Increasingly, scholars across disciplines and throughout the research life cycle are using a wide variety of online portals such as GitHub, FigShare, Publons, and SlideShare to conduct aspects of their research and to communicate research outcomes.
However, these portals, whether dedicated to scholarly use or general purpose, exist outside of the traditional scholarly publishing system and no infrastructure exists to systematically and comprehensively archive the deposited artifacts. We have shown in previous work that without adequate infrastructure, scholarly artifacts will vanish from the web in much the same way and with similar frequency ”regular” web resources do.

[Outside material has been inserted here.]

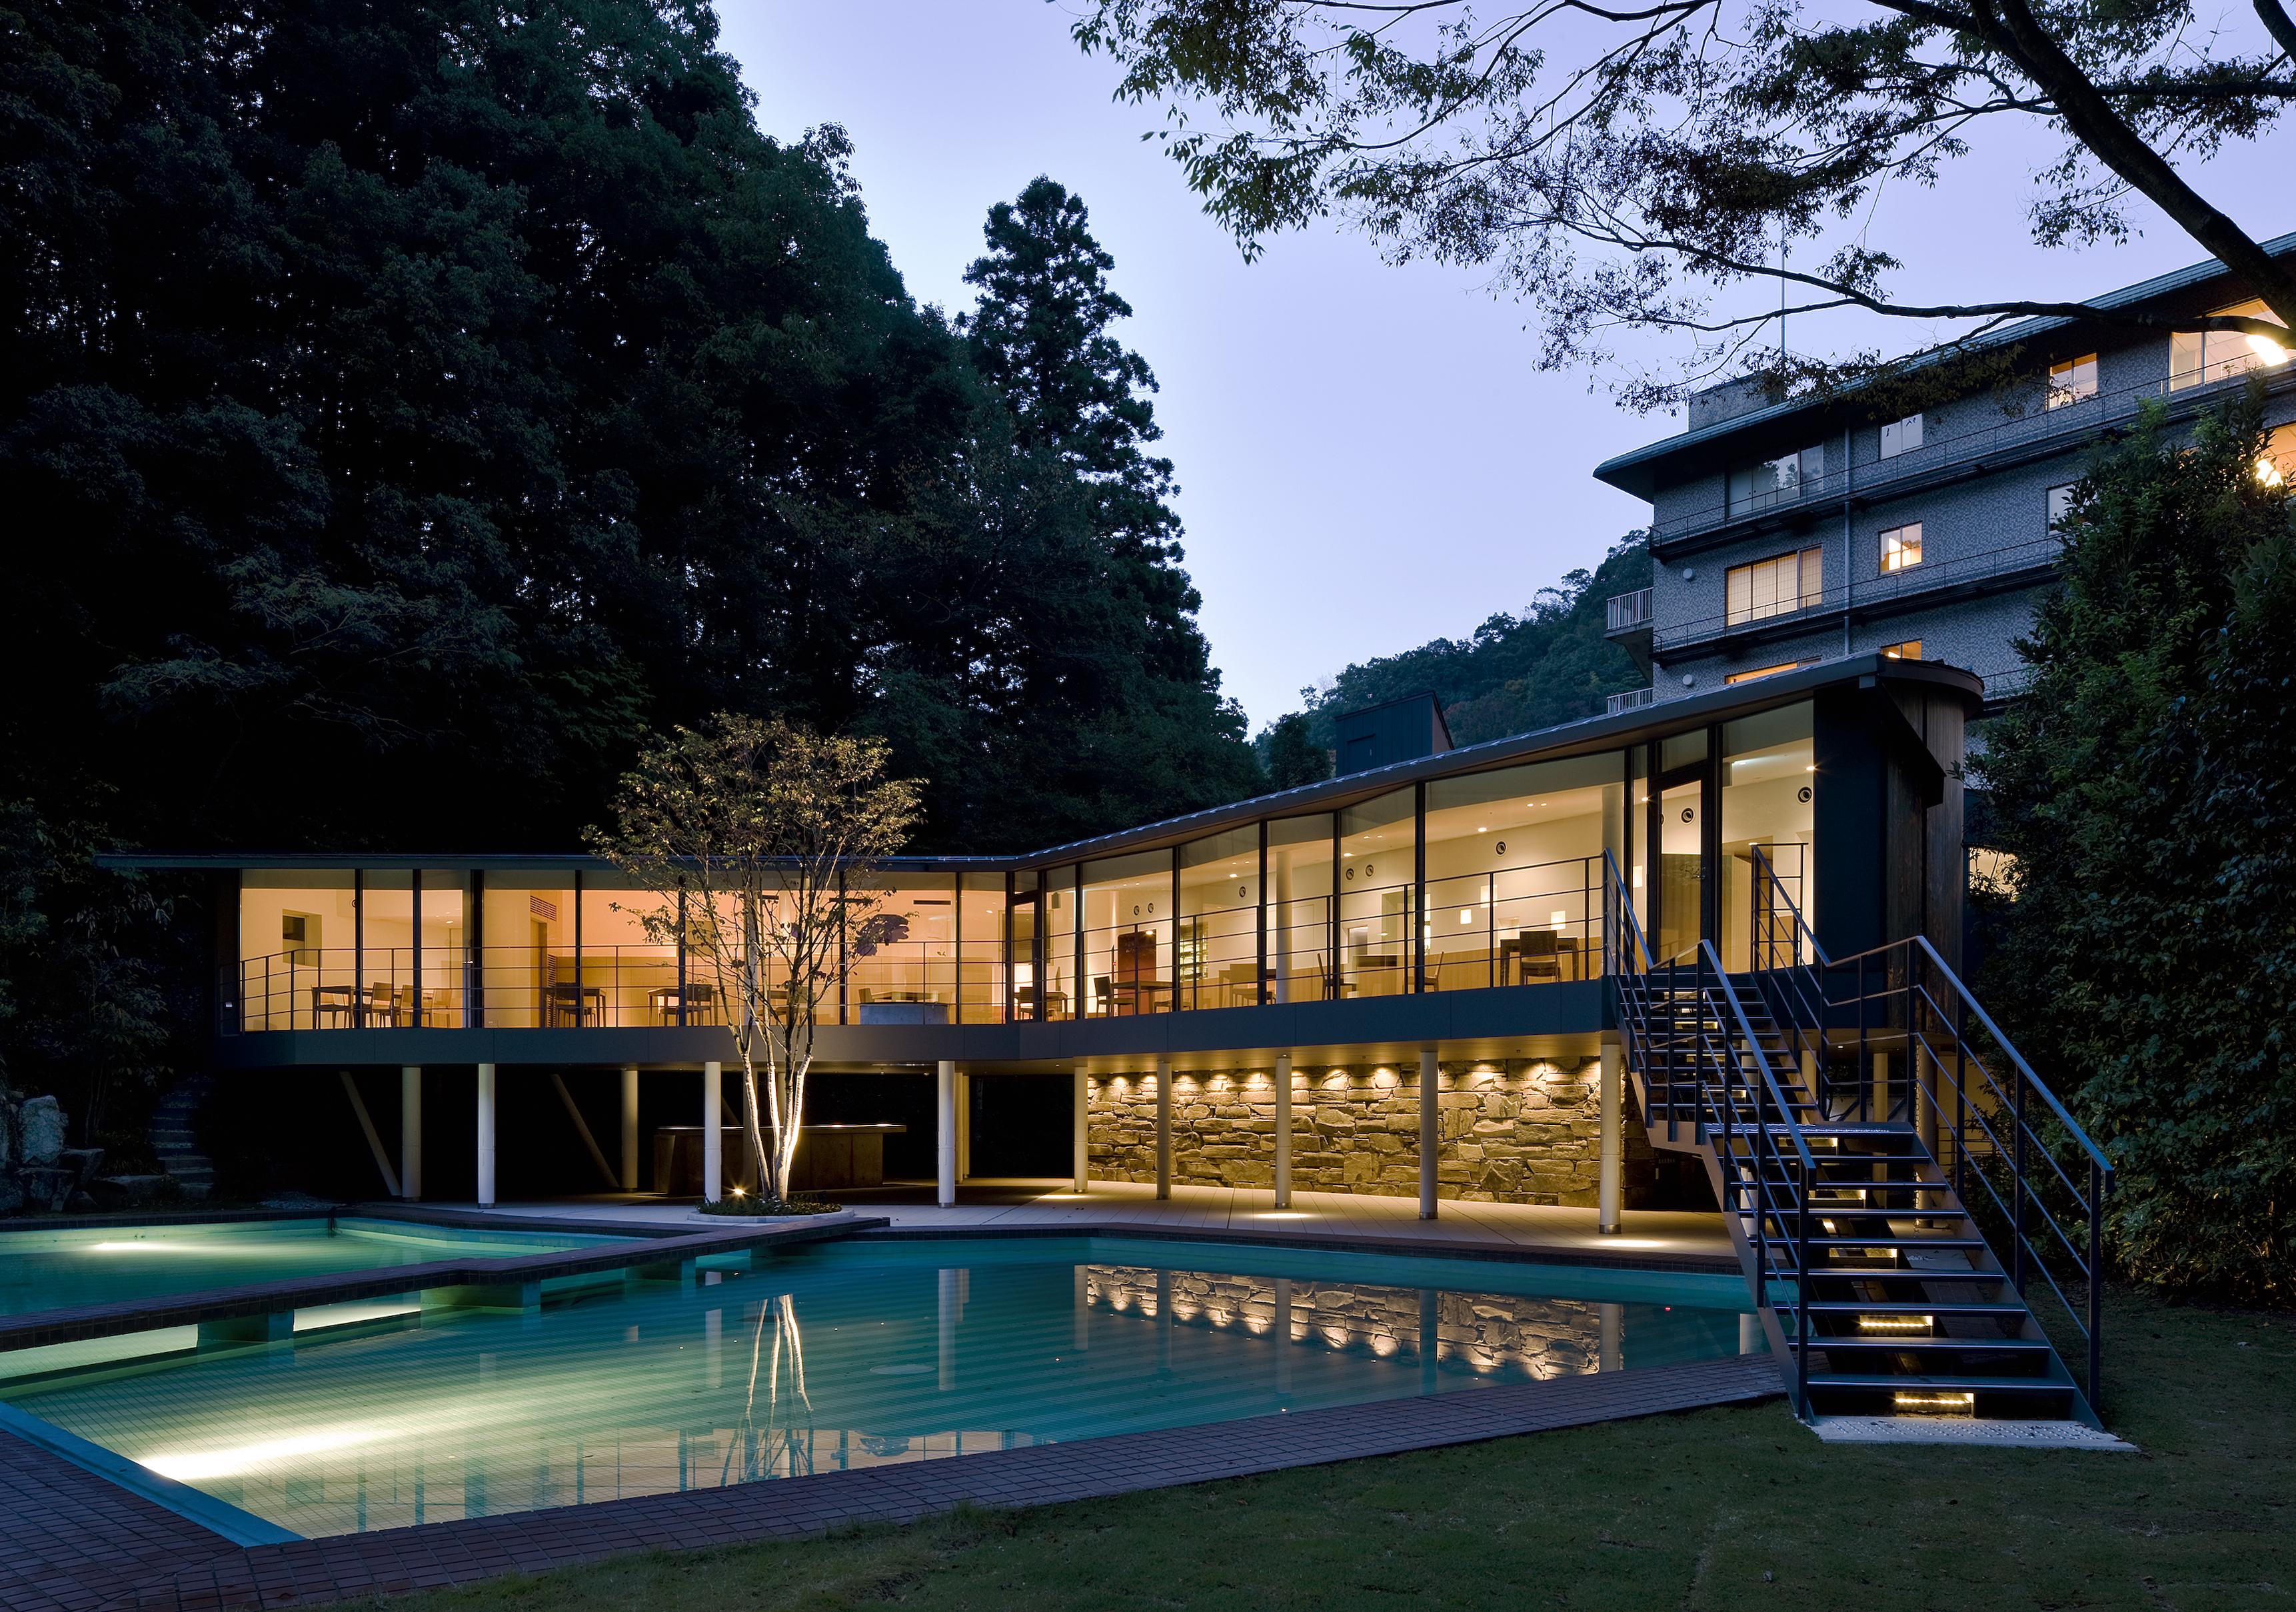 夜はプールや庭園がライトアップされ更に幻想的に
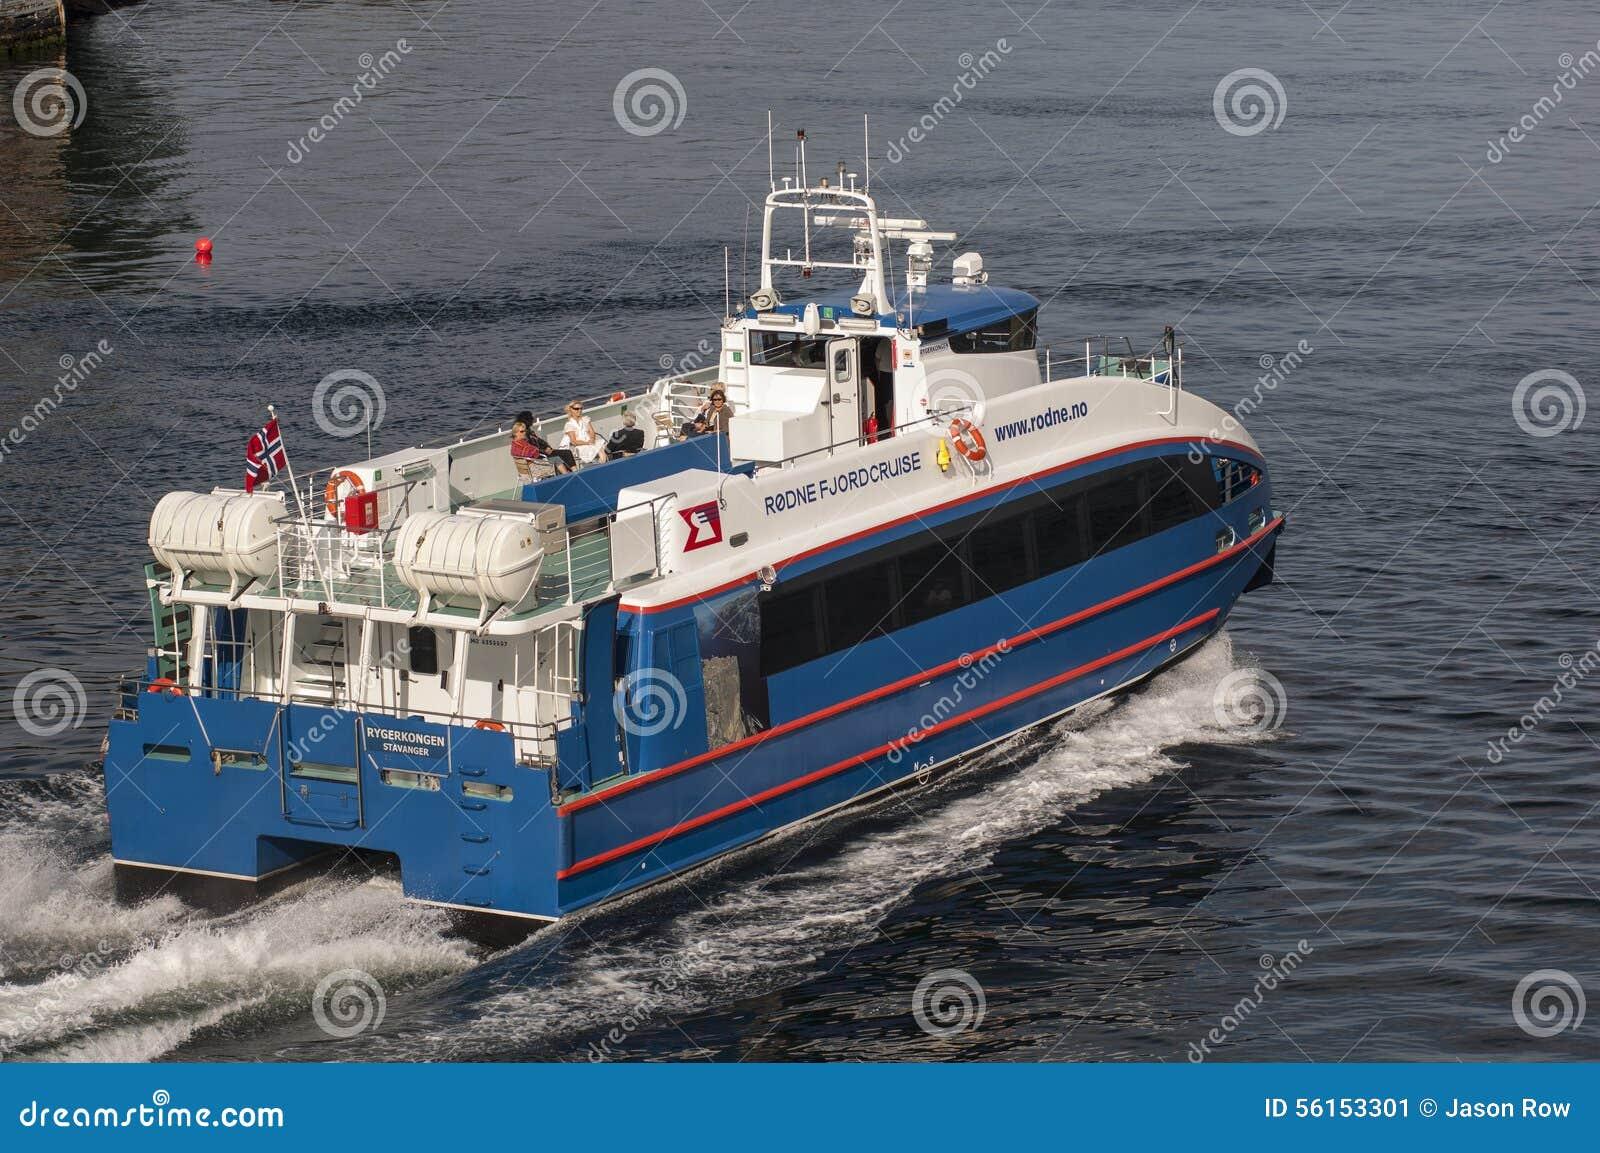 BERGEN/NORWAY - 21 giugno 2007 le foglie del traghetto di Rodne Fjordcruise sono

In the “Scholarly Orphans” project, we assume that research institutions are interested in collecting scholarly artifacts created by their researchers. As such, we are designing an institutional pipeline to track, capture, and archive these artifacts. The tracking part is crucial as institutions are usually not even aware of the existence of artifacts created by their researchers in online portals. Regarding capture, we are developing a novel framework we call Memento Tracer that plays a crucial role in creating high-fidelity Mementos of artifacts. With Memento Tracer, a human curator interacts with a web-based artifact to establish its essential components, and to record these interactions as Traces. A Trace can be used as instructions for automatic web archiving frameworks to capture artifacts of the same class. In addition, Traces can be shared with a community of practice enabling a new level of collaboration among artifact archiving institutions. These characteristics give Memento Tracer the potential to bring about significant progress for high-quality web archiving at scale.
To demonstrate the potential of this approach, we have established a pilot that is available at https://myresearch.institute/. We shared a few insights gained from this pilot at the CNI 2019 Spring meeting.